Asda slashes prices on pasta, rice and baked beans to help ‘millions’ of Britain’s poorest families.
Following a successful campaign by anti-poverty blogger and budget chef Jack Monroe, Asda has slashed the prices of hundreds of kitchen staples, helping "millions" of Brits. Last month Monroe, a former food bank user, urged supermarkets to make their cheapest food ranges more widely available after highlighting the inflation in key products such as rice and the removal of value ranges from the shelves in her local Asda in Essex.

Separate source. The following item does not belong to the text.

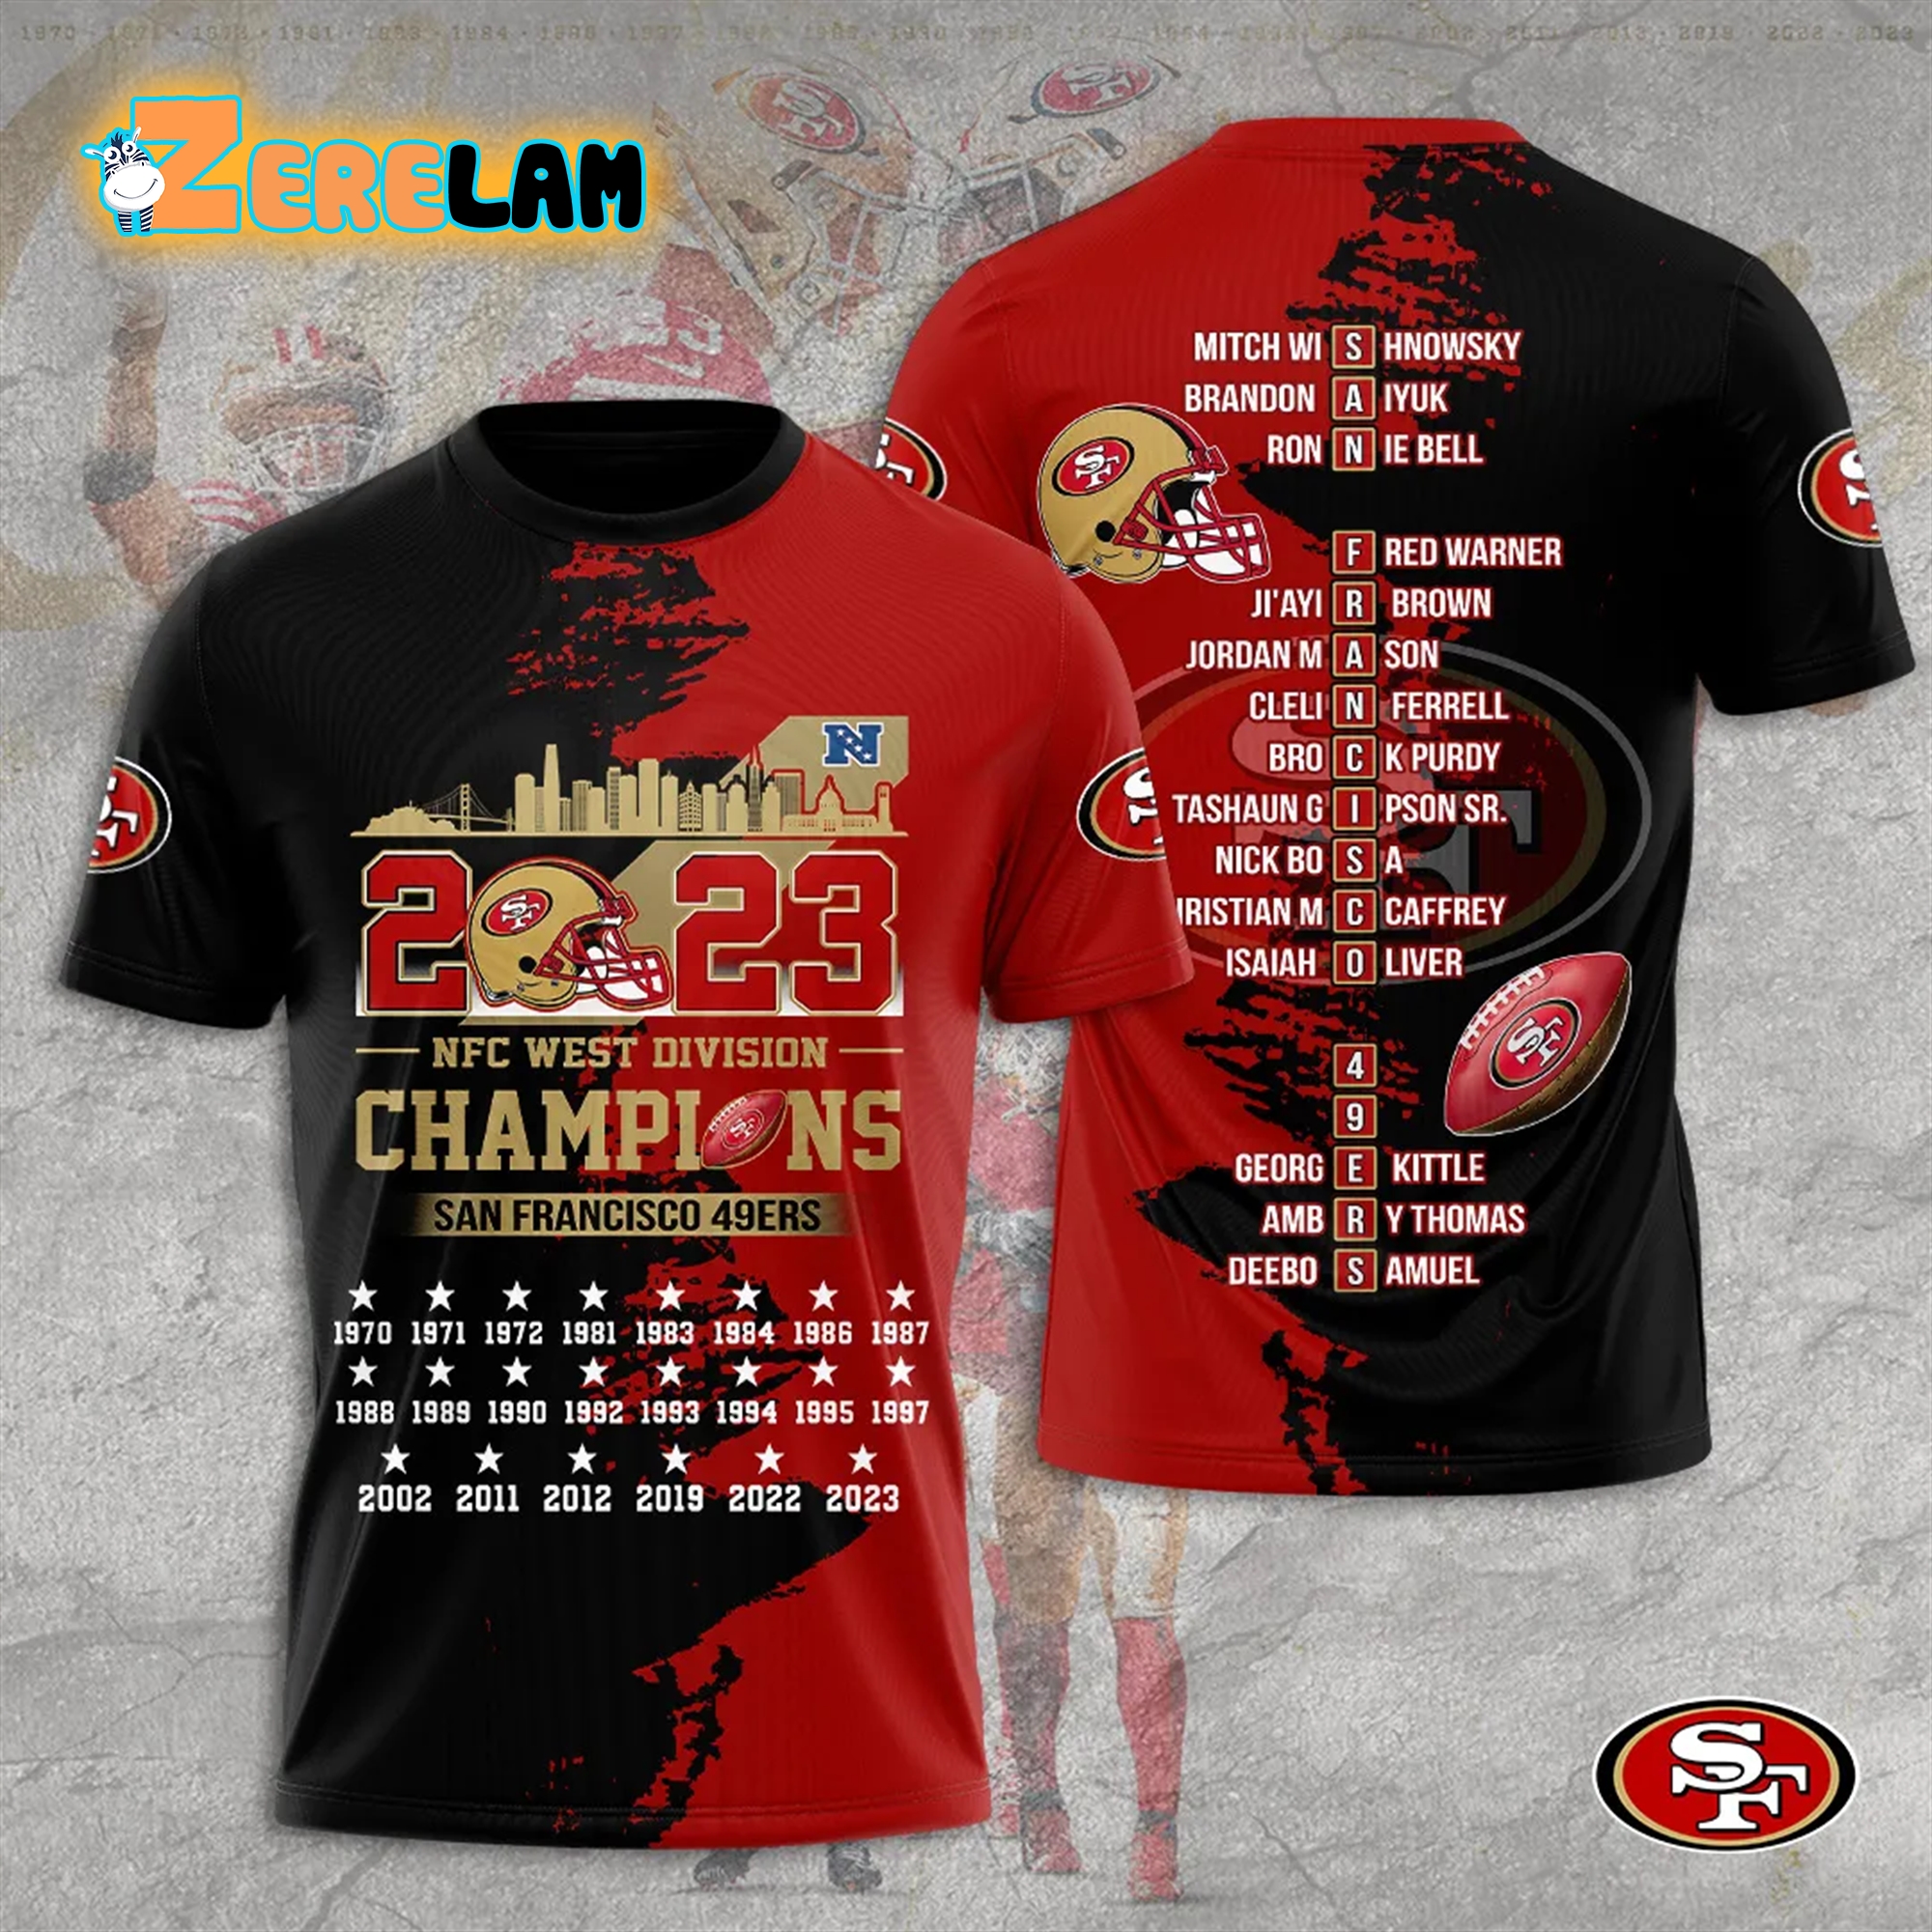 2023 NFC West Division Champions 49ers Shirt - Zerelam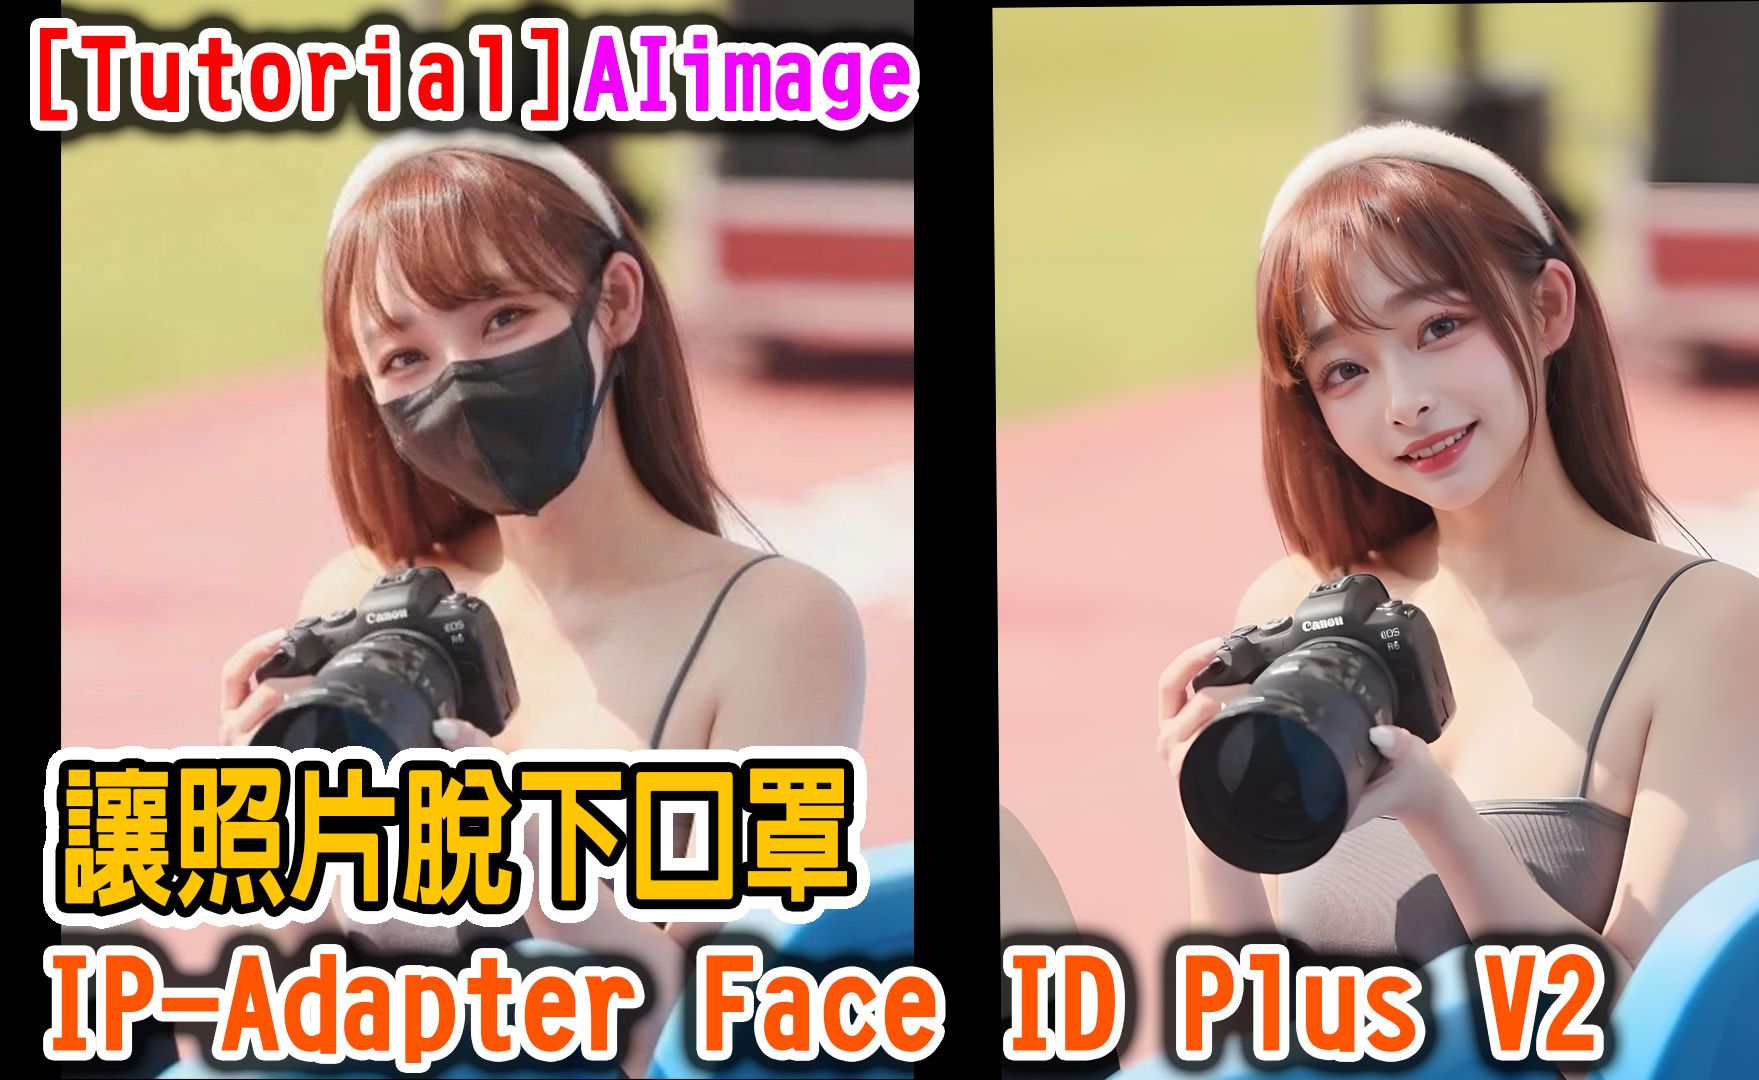 [AI tutorial] 讓照片脫下口罩 | ControlNet | IP-Adapter Face ID Plus V2 | DW openpose

Her Twitter thread warning that official inflation figures "grossly underestimated" the impact of the current cost of living crisis on Britain's poorest families went viral and generated a media storm. In response, on Monday (February 7) Asda committed to stocking its full Smart Price and Farm Stores ranges in all of its stores and online.
On Saturday (February 12), three and a half weeks after her viral Tweets, the campaigner, who has been consulted on the School Food Plan and National Food Strategy, went to her local Asda to see if the changes the supermarket promises had been put in place.
She wrote in another already viral Twitter thread: "Woke up this morning and realised I couldn’t procrastinate my food shop for a day longer, and decided it was time - three and a half weeks on from my accidentally viral tweet about the prices of basic foods at the supermarket - to brave it, and see what, if anything, had changed."